Laboratory predictors of severe forms of dengue virus (DENV) infection are needed. These clinical forms seem to be associated with high viremia, stressing the importance of immune responses, which could involve dendritic cells (DC). Yet, very few studies have evaluated DC after DENV infection. We assessed peripheral blood DC subset numbers in mild and severe forms of dengue in 44 patients, older than 15 years old, infected with serotypes DENV-2, 3 or 4. Patients were divided in high, intermediate and no detectable viremia according to results of molecular biology amplification of DENV. Serological status of anti-DENV IgG or IgM determined primary or secondary infections. Plasmacytoid and myeloid DC absolute and relative numbers were reduced in infected patients when compared to an age-matched healthy control group, but no significant differences in DC numbers were observed between mild or severe forms of disease. A severe disease was more frequent in patients infected with DENV-2 serotype and with secondary infection but no significant differences in DC subset numbers were found related to these variables. Viremia levels did not correlate to disease severity yet were associated to lower DC numbers.
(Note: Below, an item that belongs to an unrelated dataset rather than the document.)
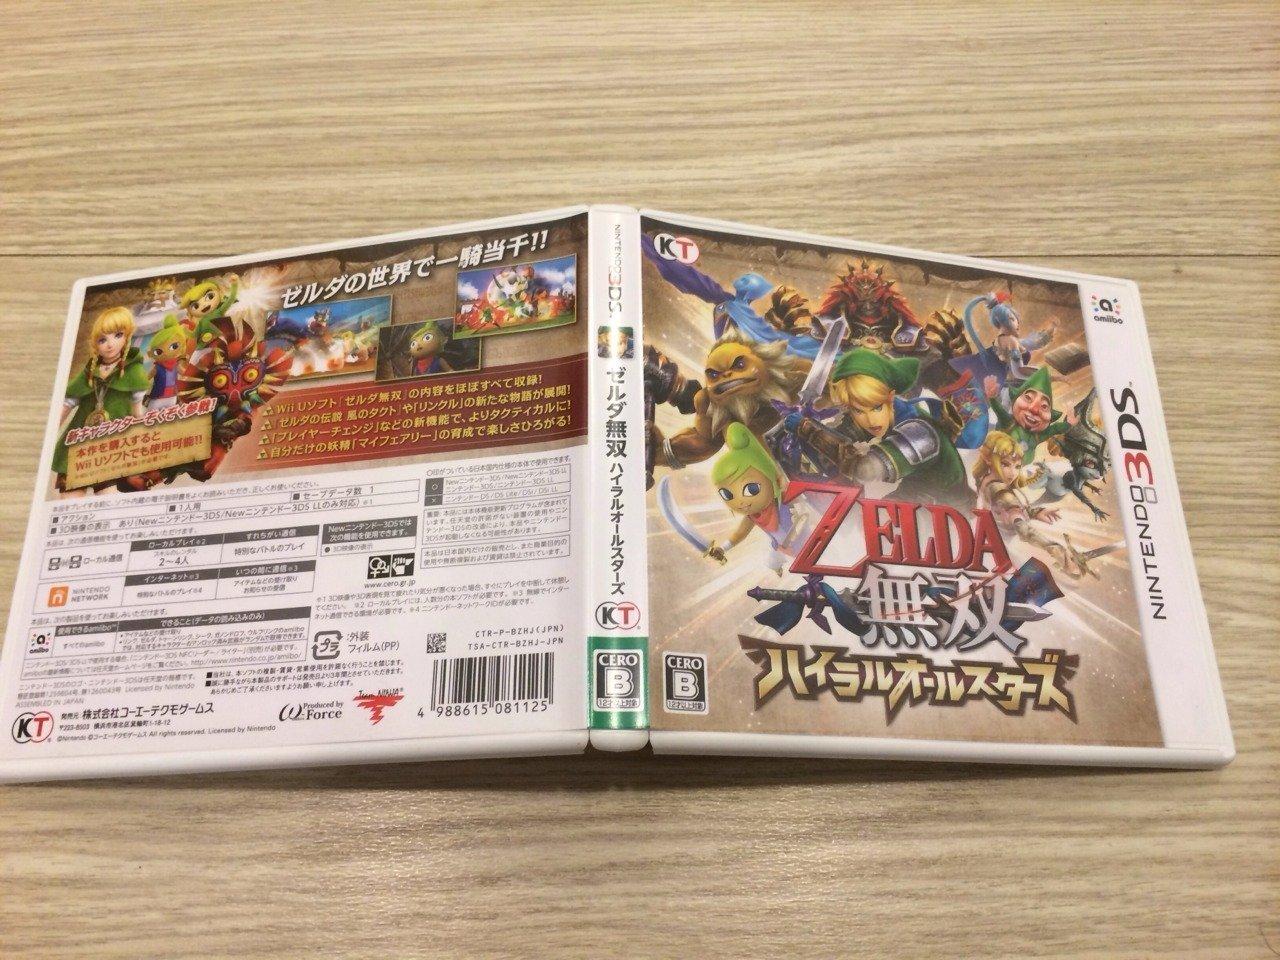 N3DS 3DS 薩爾達 ZELDA 薩爾達無雙 海拉魯群星集結 Zelda Warriors 售1250

Plasmacytoid DC numbers were significantly lower in high and intermediate viremia groups compared to non-infected controls, but not in no detectable viremia patients. Myeloid DC numbers were also significantly lower than controls, even in no detectable viremia patients. These results confirm that circulating DC subset numbers are reduced after DENV infection, although this is not a biomarker of severe forms of dengue in adults.